#### Collected material

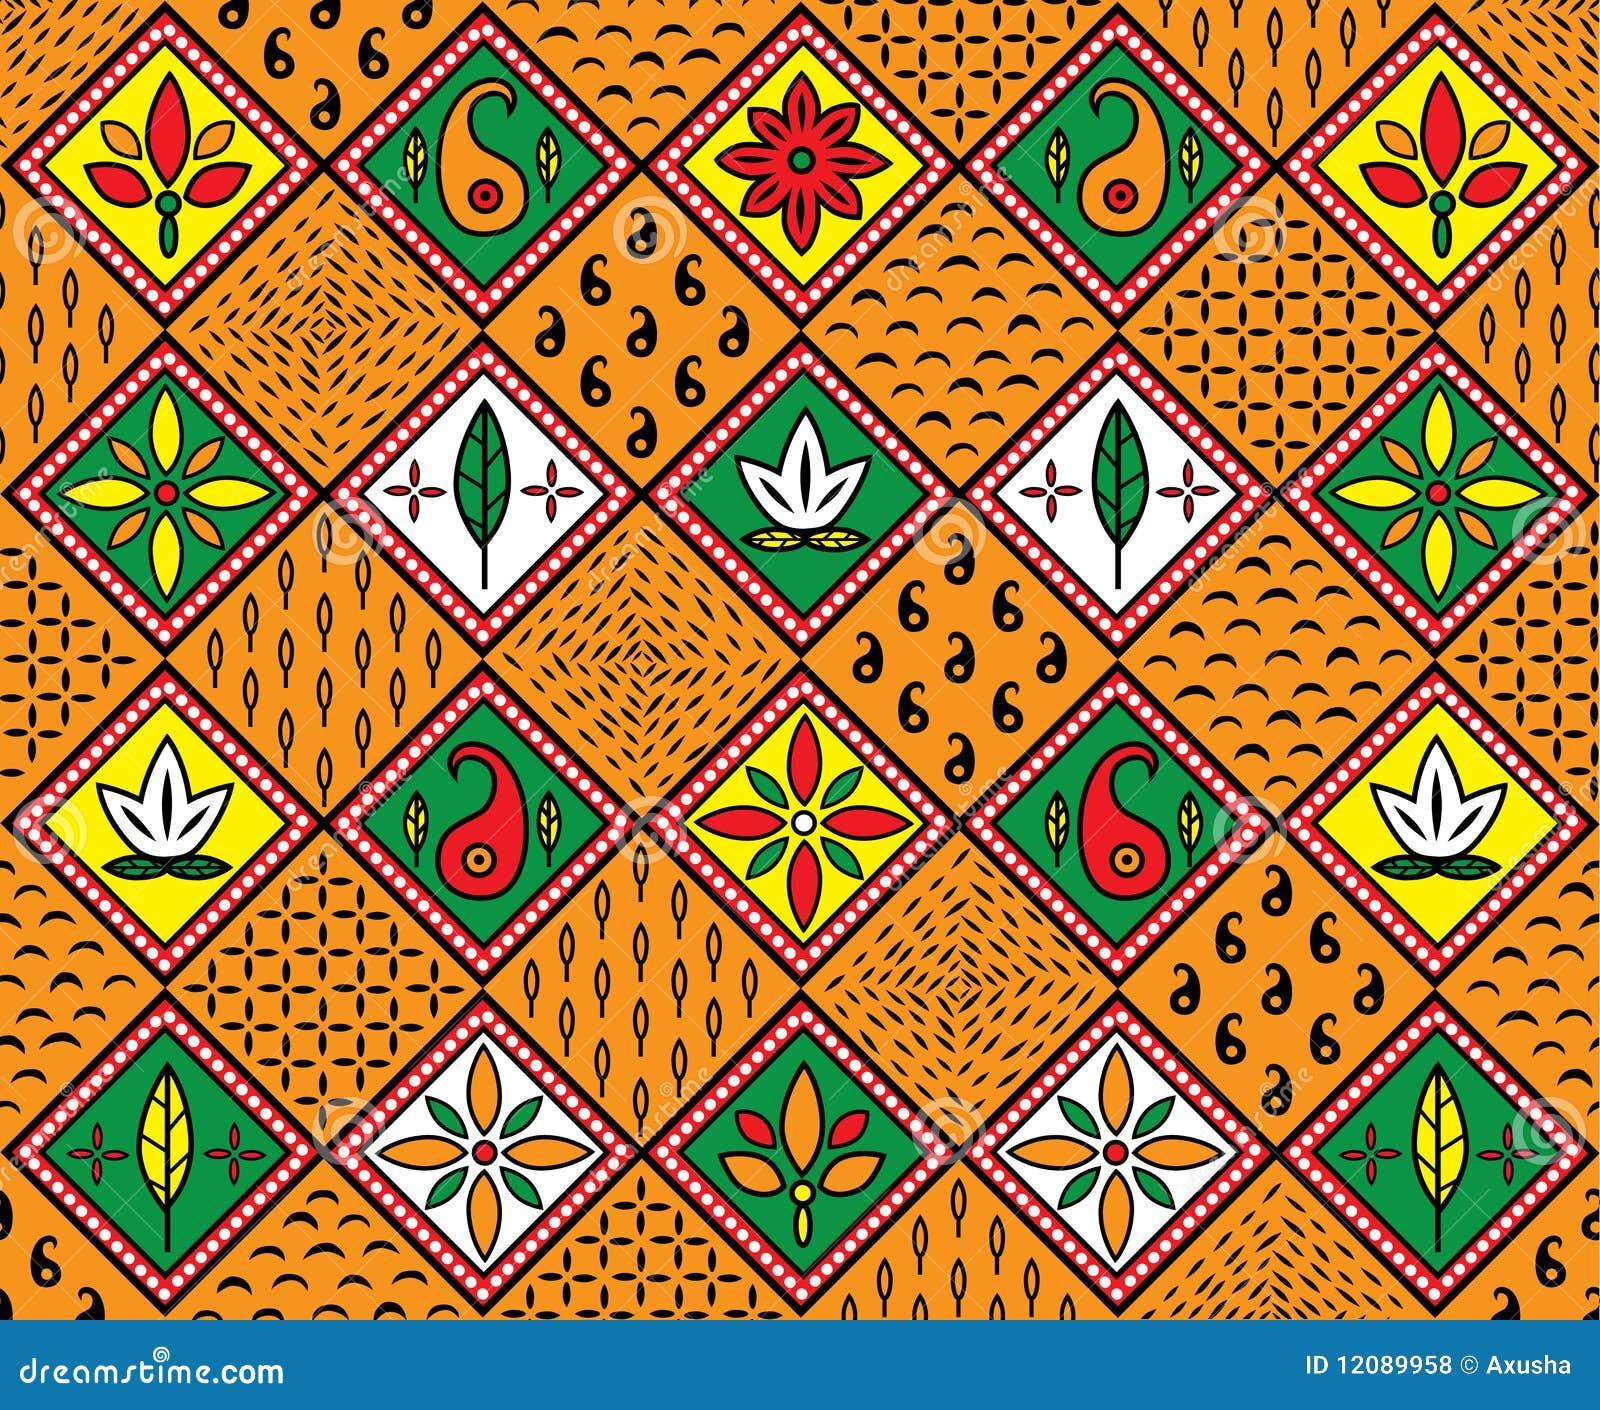 afrikanisches muster lizenzfreie stockfotos bild 12089958. Black Bedroom Furniture Sets. Home Design Ideas
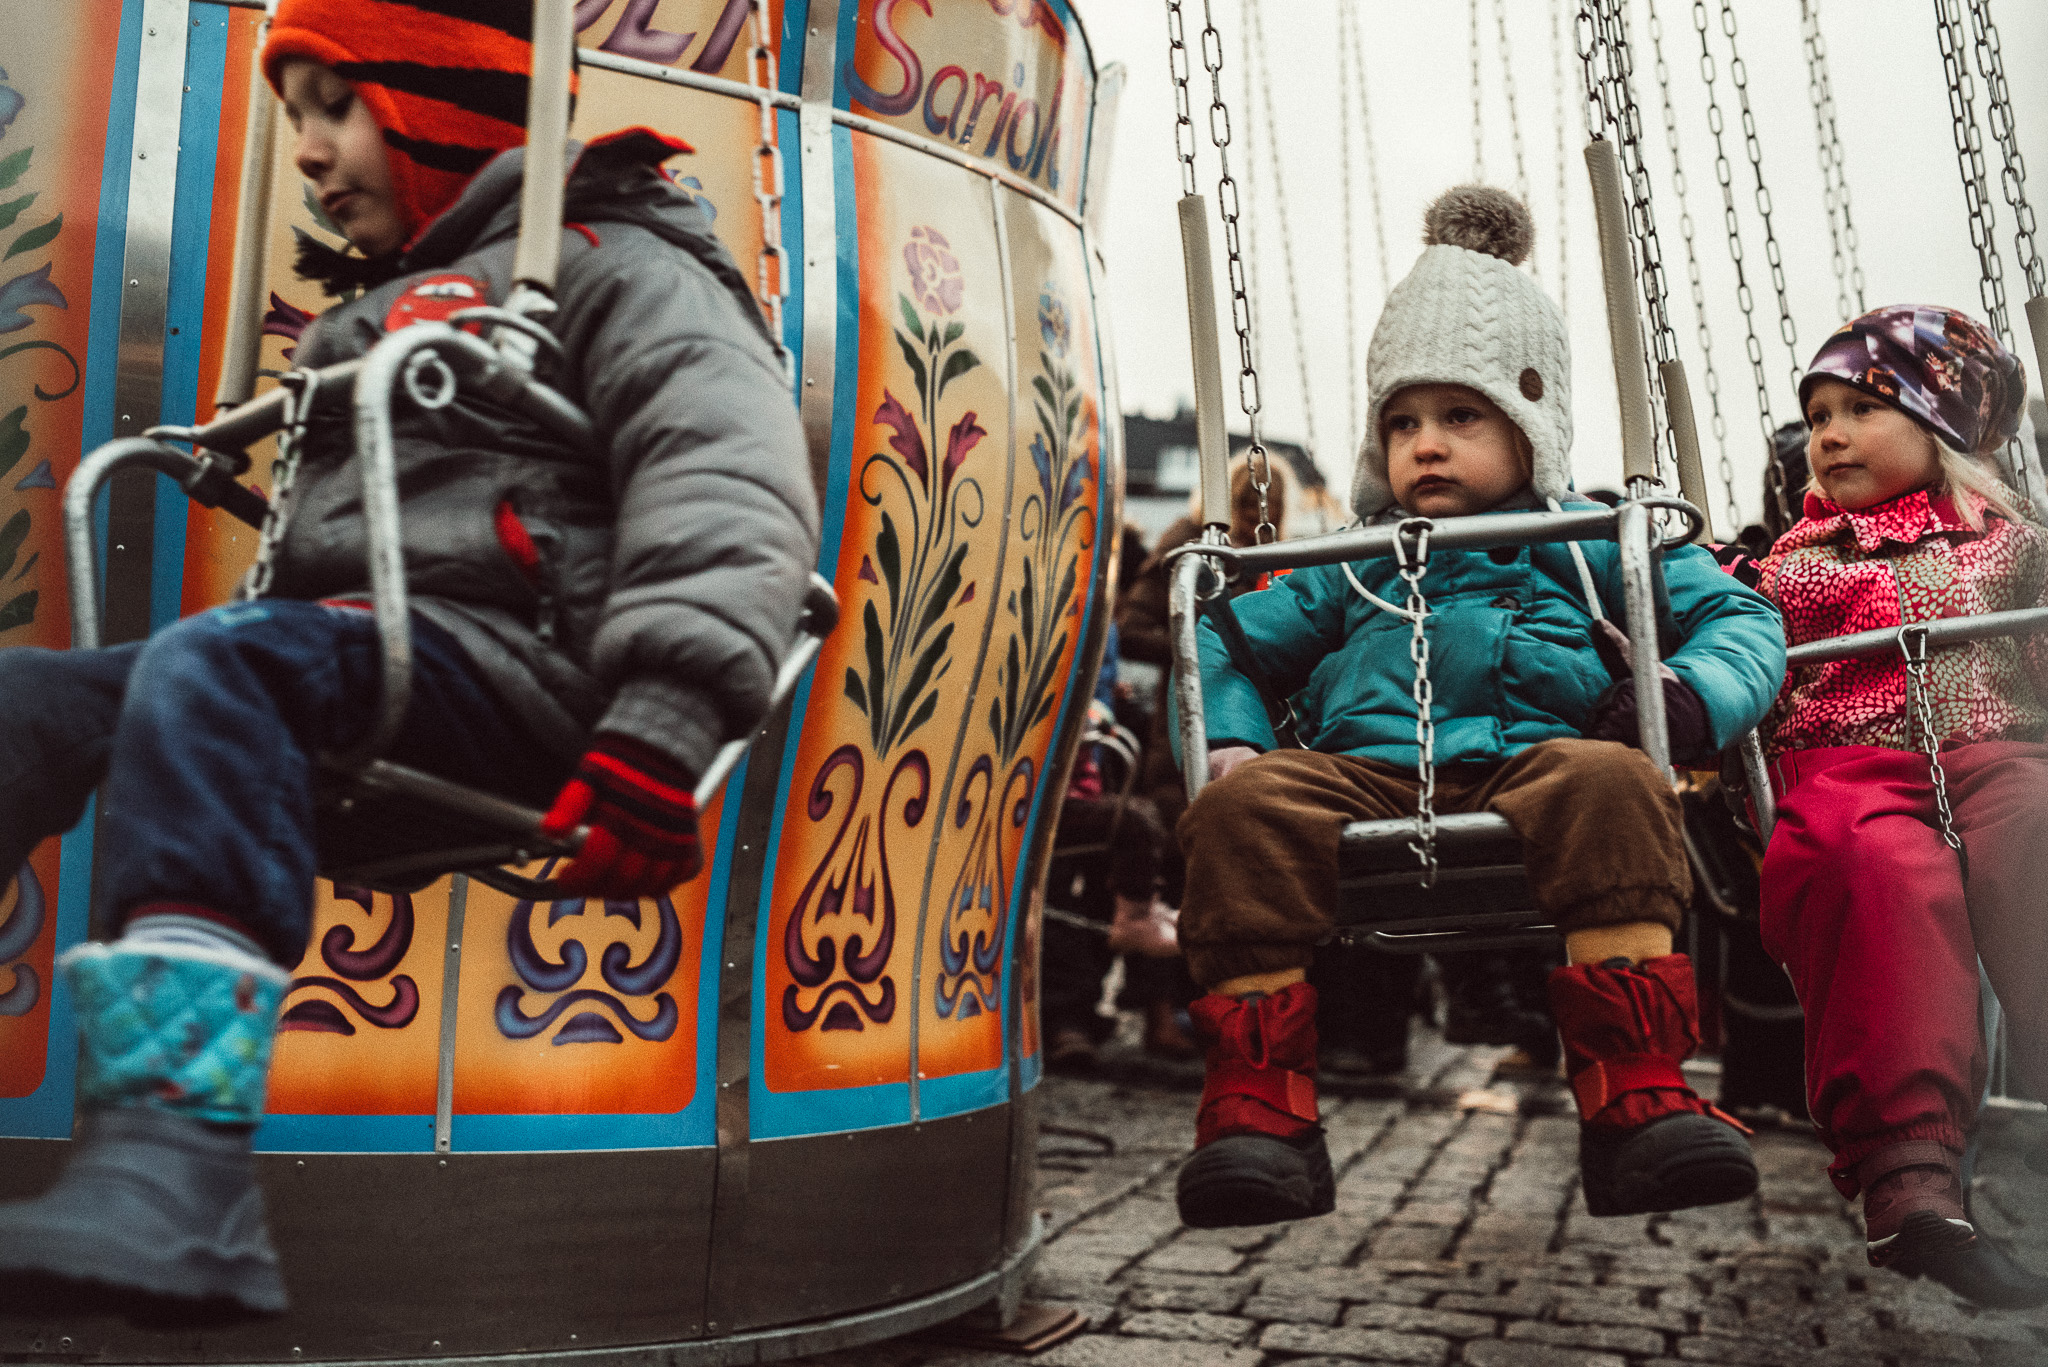 Child sitting in carousel
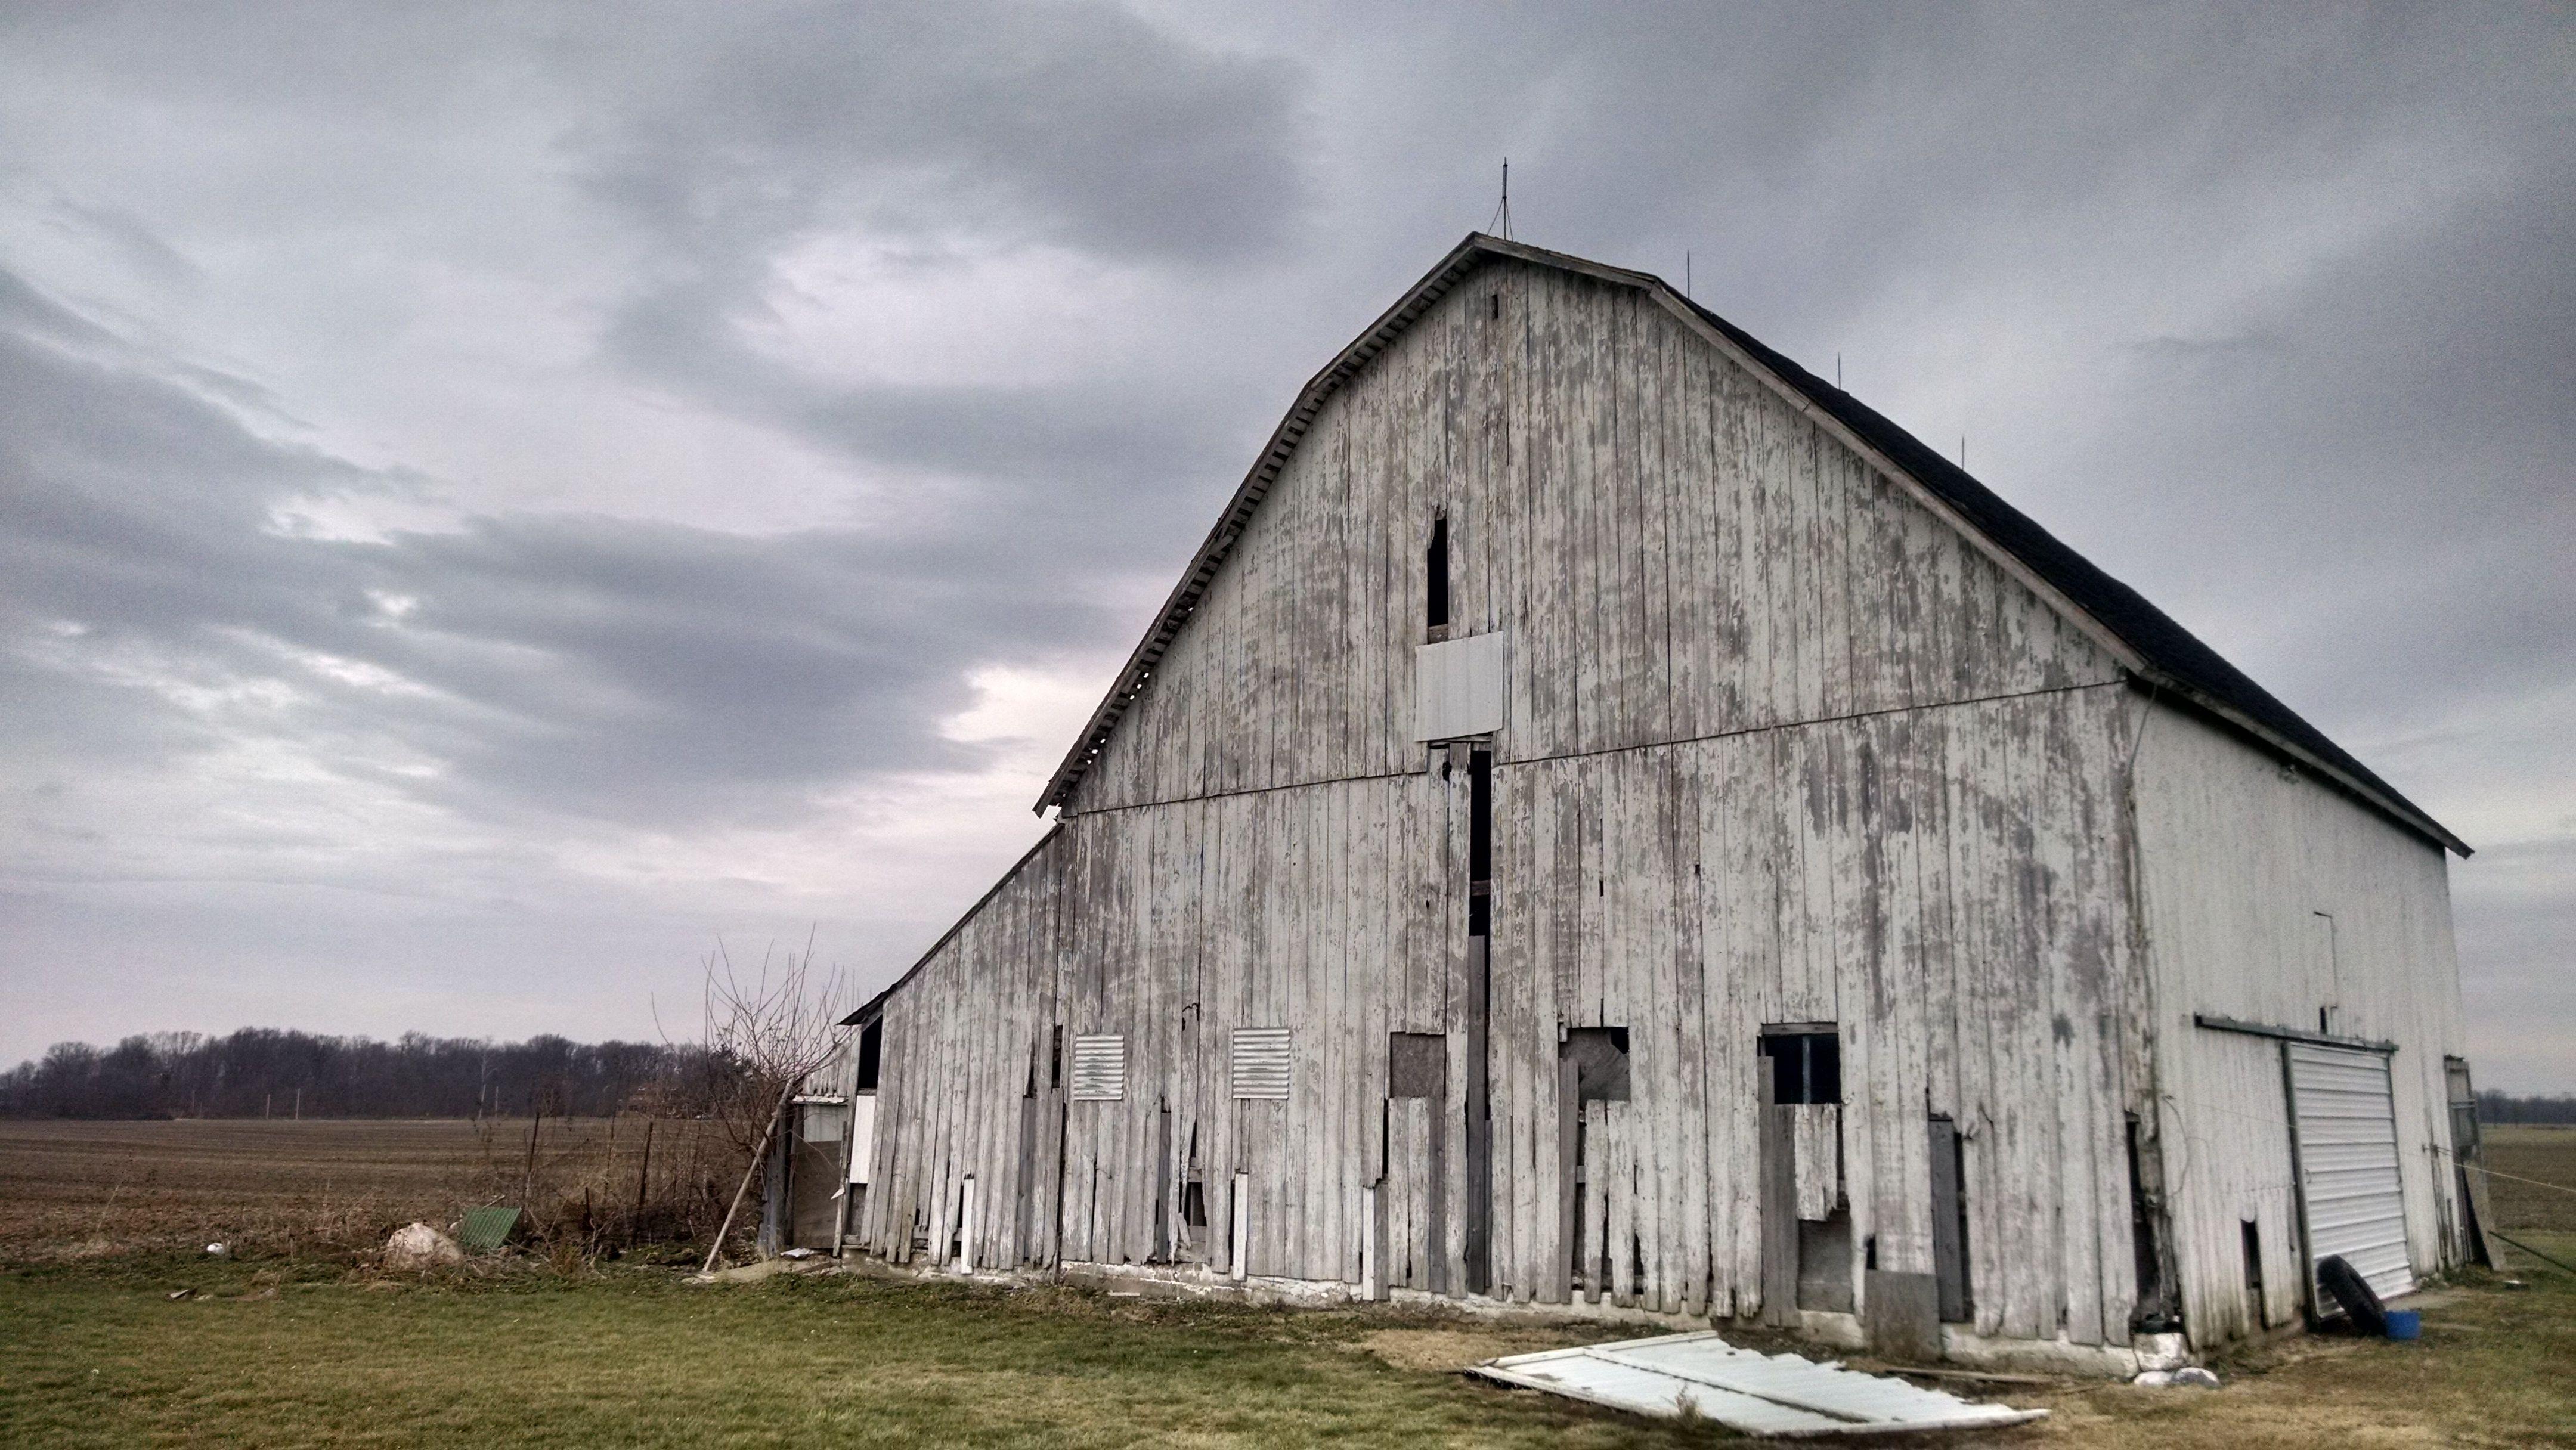 Pin by bonnie licklider on barn beauty old barns farm

########

- Exercise aim -
Recopy the whole listing above precisely, excluding images.

- Reply to the task -
 afrikanisches muster lizenzfreie stockfotos bild 12089958. Black Bedroom Furniture Sets. Home Design Ideas
 Child sitting in carousel
 Pin by bonnie licklider on barn beauty old barns farm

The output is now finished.